GROWTH is expected to cool across Asia this year as governments tighten monetary policy to tackle rising inflation, according to a poll released yesterday.
Yet Asia’s rising economies will still lead global growth in 2011, far outpacing rich world peers.
A global survey by Reuters of around 500 economists showed China again topping the economic expansion charts for this year, even though the double-digit growth of this year is expected to drop to around 9.3 per cent.
Indian growth, meanwhile, is predicted to accelerate to 8.5 per cent in the fiscal year ending March 2012.
Both countries, however, are fighting stubborn price inflation.
In China inflation is now tipped to quicken to 4.3 per cent, a much faster build-up of price pressures than economists had expected in October’s poll.

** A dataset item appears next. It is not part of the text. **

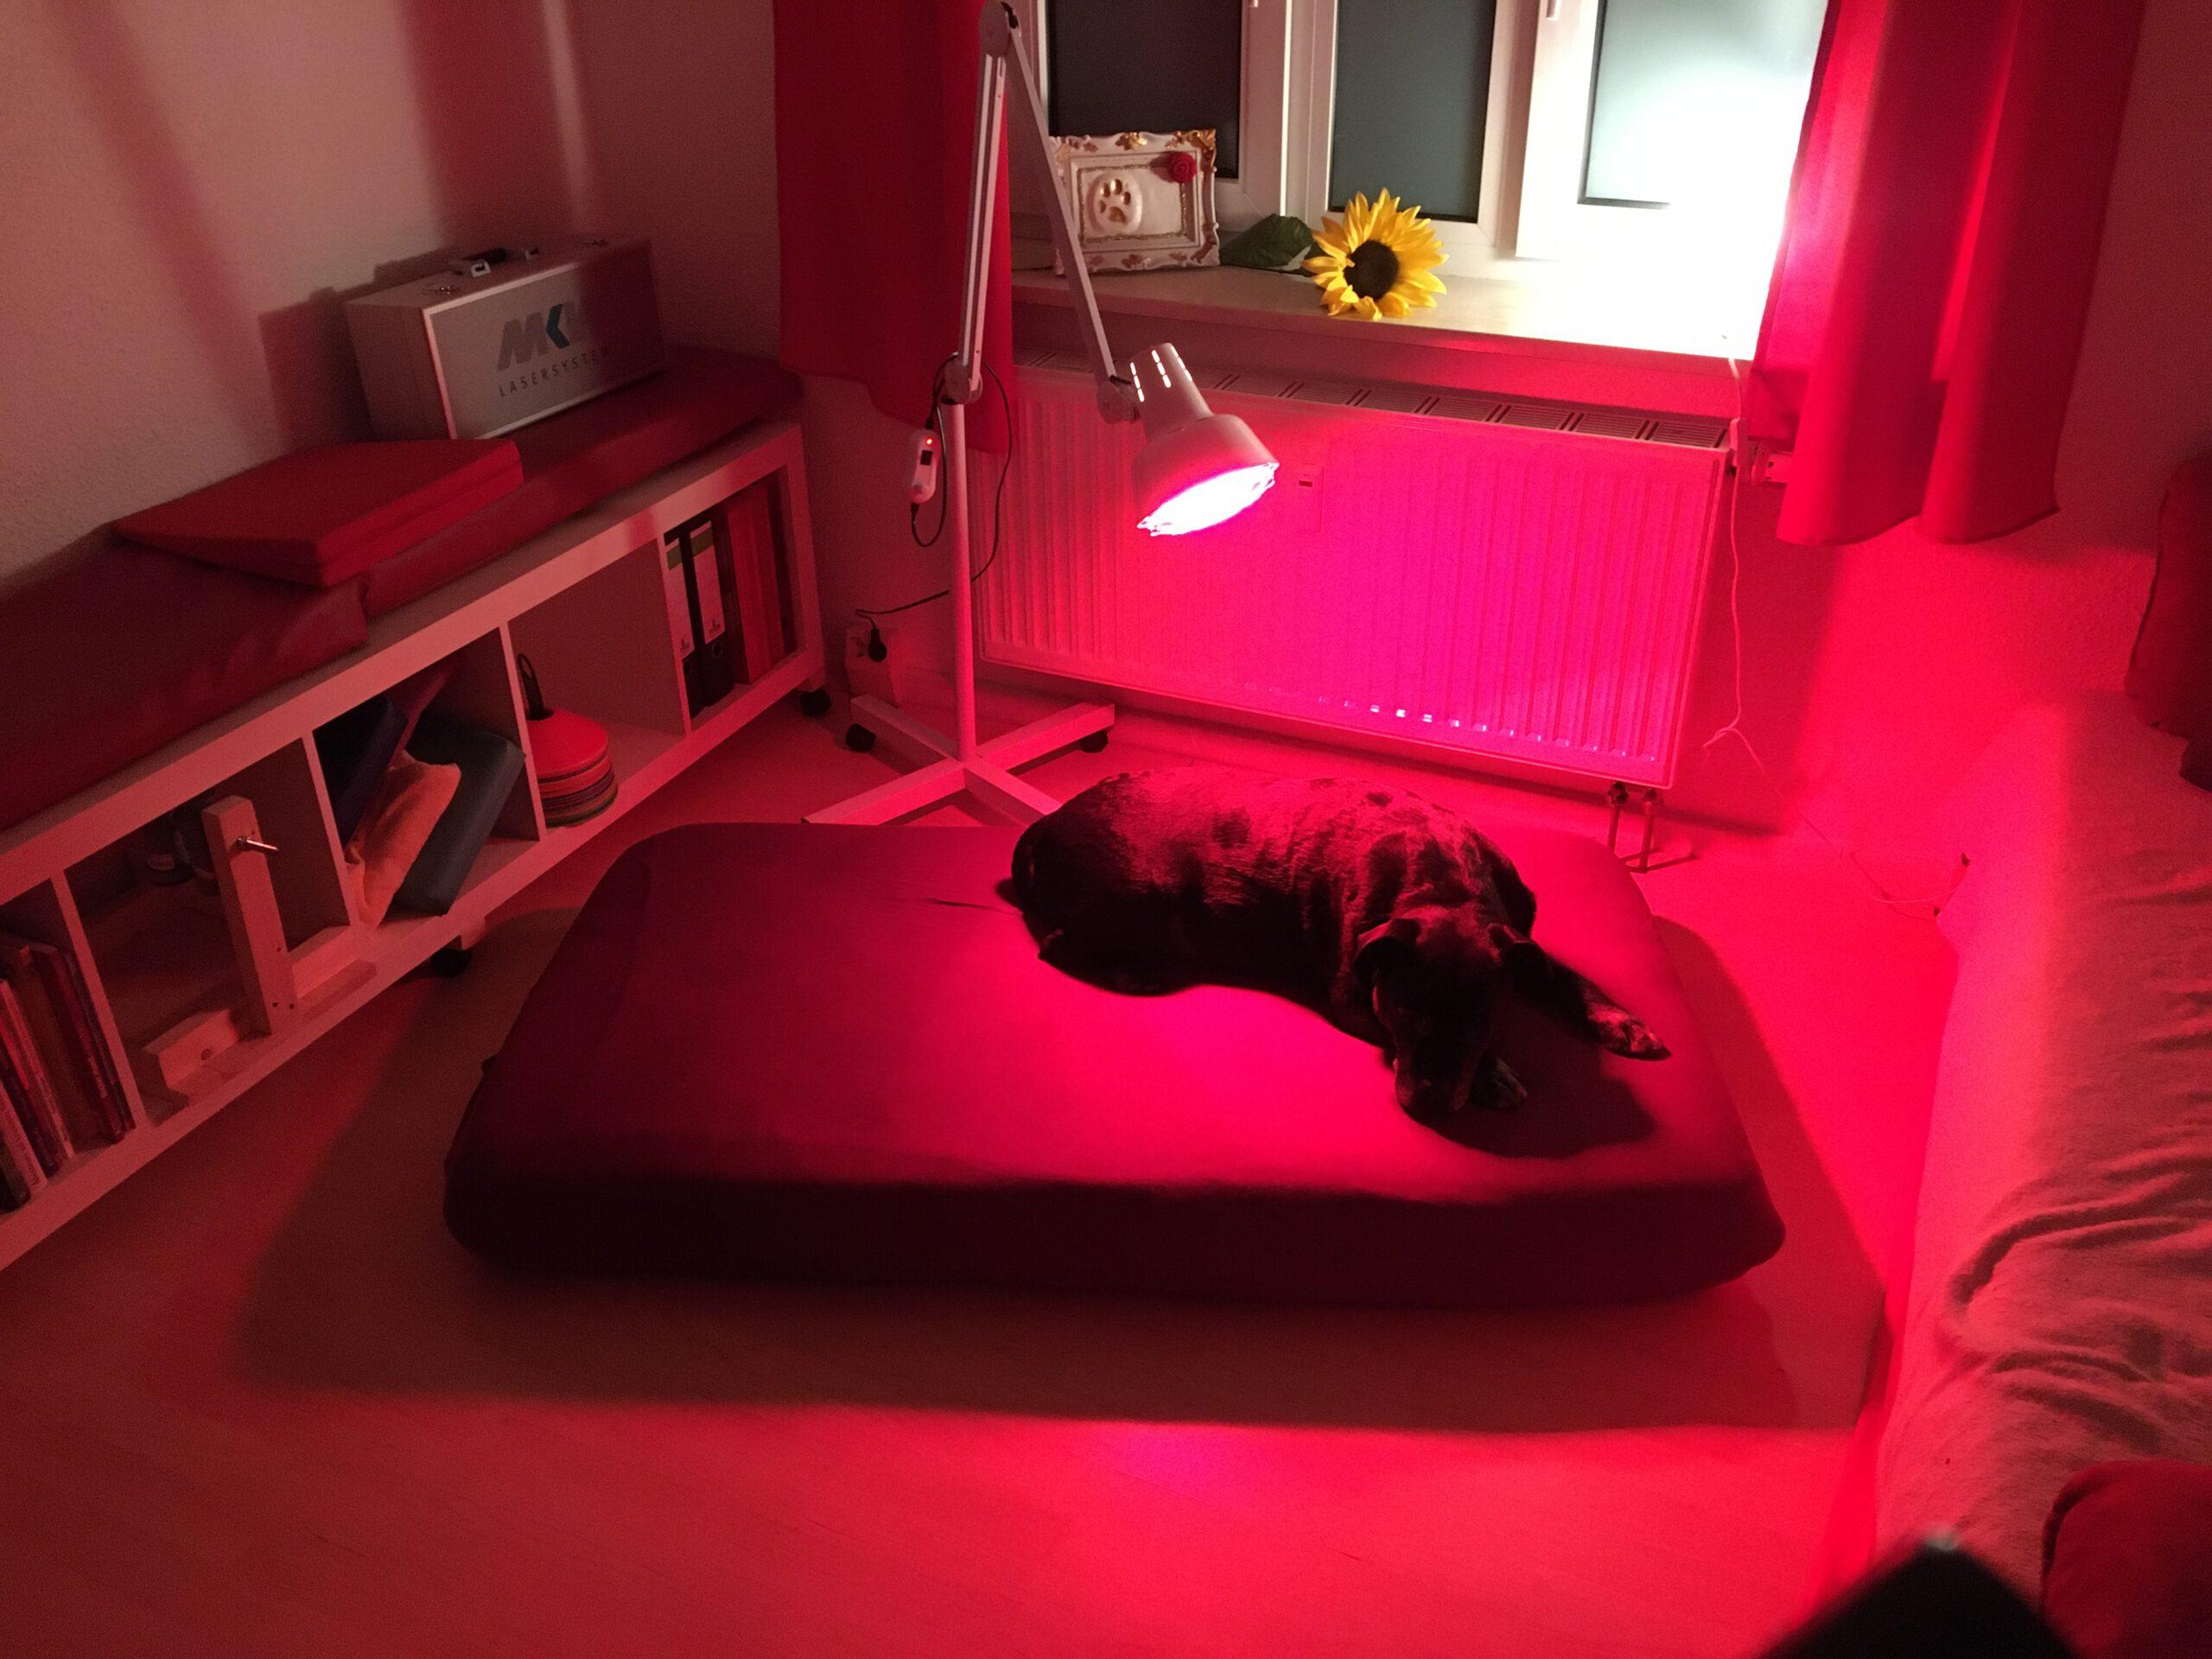 Wärmetherapie Rotlichtlampe Das hilft deinem Hund bei Arthrose Hundephysio Tierheilpraxis Zauberhunde Dresden

And inflation in India is now seen at 8.8 per cent, up from 8.3 per cent expected in the October poll.
The prospect of further tightening is already spooking some foreign investors who flocked to the region last year, drawn by its robust growth and higher returns.
Indonesian stocks have recoiled after a sizzling 46 per cent gain in 2010. Indonesian price inflation has surpassed four per cent.

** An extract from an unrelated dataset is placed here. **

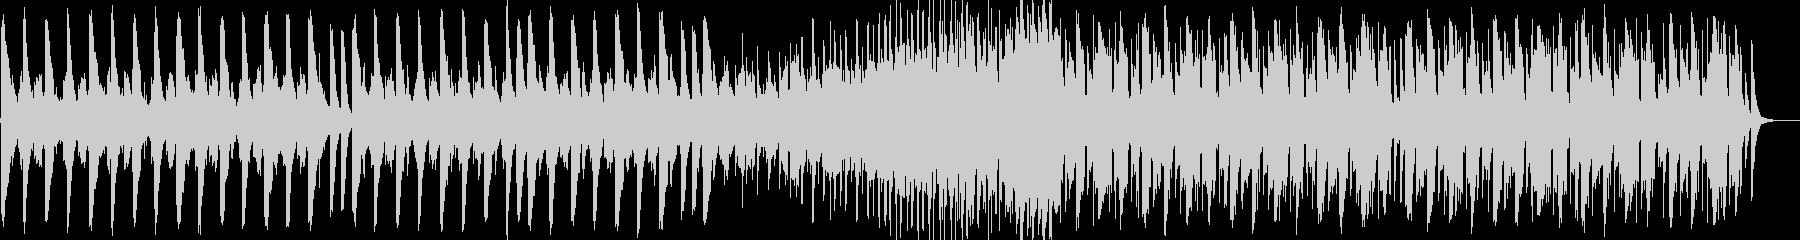 アップテンポのエレクトロミュージックの未再生の波形

“Later this year, Asian policymakers are going to have to be much more aggressive to get inflation under control and the consequence of that will be weaker growth,” said Robert Subbaraman, Nomura’s Asia chief economist.
Economists expect global economic growth to slow to 4.2 per cent this year from around 4.7 per cent last year, before picking up slightly to 4.3 per cent in 2012.